Sally A. Frautschy, PhD

Alzheimer Research Lab

Professor UCLA Dept Neurology

Sally's research focuses on neuroinflammator mechanisms in Alzheimer's. Her priority is to develop practical and effective approaches, particularly nutritional, for stopping this tragic disease. She is currently conducting a clinical trial NCT01811381 combining yoga and curcumin with veterans at risk for Mild cognitive impairment with her coPI Edmond Teng, PhD, MD. This is based on extensive data from her and others work, supporting the fact that curcumin targets multiple aspects of the disease, not just oxidative damage, but corrects chronic ineffective inflammation as well as stimulates effective resolution of inflammation. Further it enhances a safe mechanism of removal of toxic aggregates, termed 'autophagy'.

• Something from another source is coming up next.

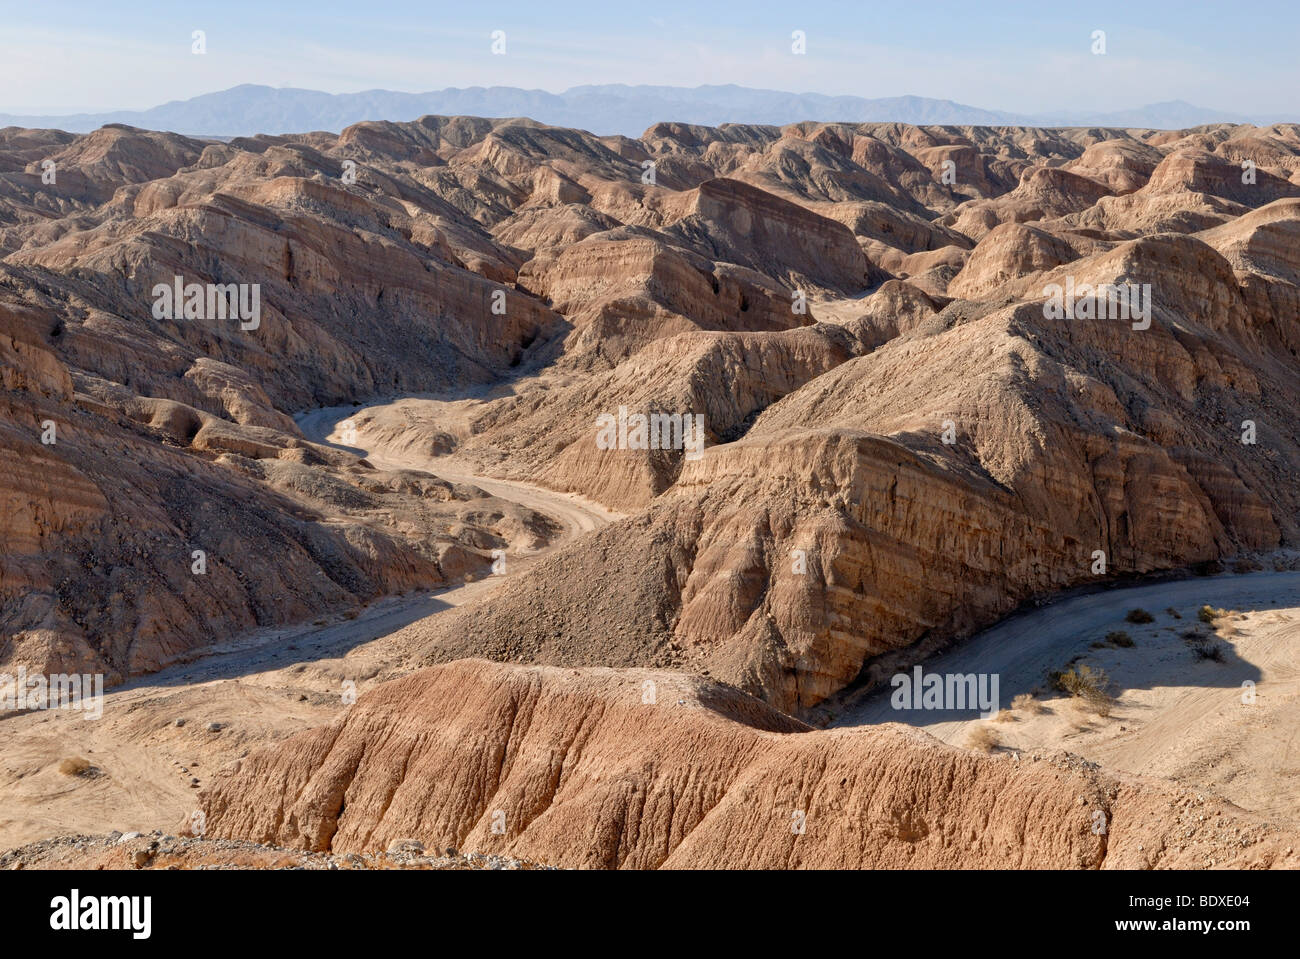 Paesaggio roccioso con canyon e il letto del fiume, Anza Borrego Desert a S 22, Borrego Springs, California del Sud, STATI UNITI D'AMERICA Foto Stock

Dr. Frautschy's focus in her graduate & initial post-graduate work was to understand the adverse effects of chronic stress on physiology, intrigued by the work of Hans Selye who in 1956 coined a word "stress" from physics to use to describe the physiological/chemical response to a psychological reaction. She worked under experts in the field of 'stress' , completing her MS under the late Gary Moberg at UC Davis in 1980 and PhD in 1986 under Professor Robert Liptrap, DVM, PHD at Univ. of Guelph, Ontario Canada (also a photographer.) After completing her Phd, she trained with Dipak Sarkar (UCSD, now at Rutgers) to study the mechanisms of inferitility caused by high levels of glucocorticoids, which results from chronic stress, a common problem which increases risk for several disease including PTSD and Alzheimer's. During her 2nd post doc with Dr. Andrew Baird & directorship of Roger Guillemin (a nobel laureate who did his post doc under Hans Selye), Sally worked on brain injury induction of neurotrophic factors where she began her collaboration with Dr. Cole . Many neurotrophic factors become elevated in the Alzheimer brain as a 'response' to injury. In 1988, Dr. Frautschy, in collaboration with Dr. Cole, decided to evaluate the brain's response to human amyloid, and was the first to describe the inflammatory response. She spends her spare time, doing yoga, running and taking care of her dogs

  • Frautschy, S.A., A. Baird, and G.M. Cole.  Effects of injected Alzheimer-amyloid cores in rat brain.  Proc. Natl. Acad. Sci. USA 88:8362-8366, 1991.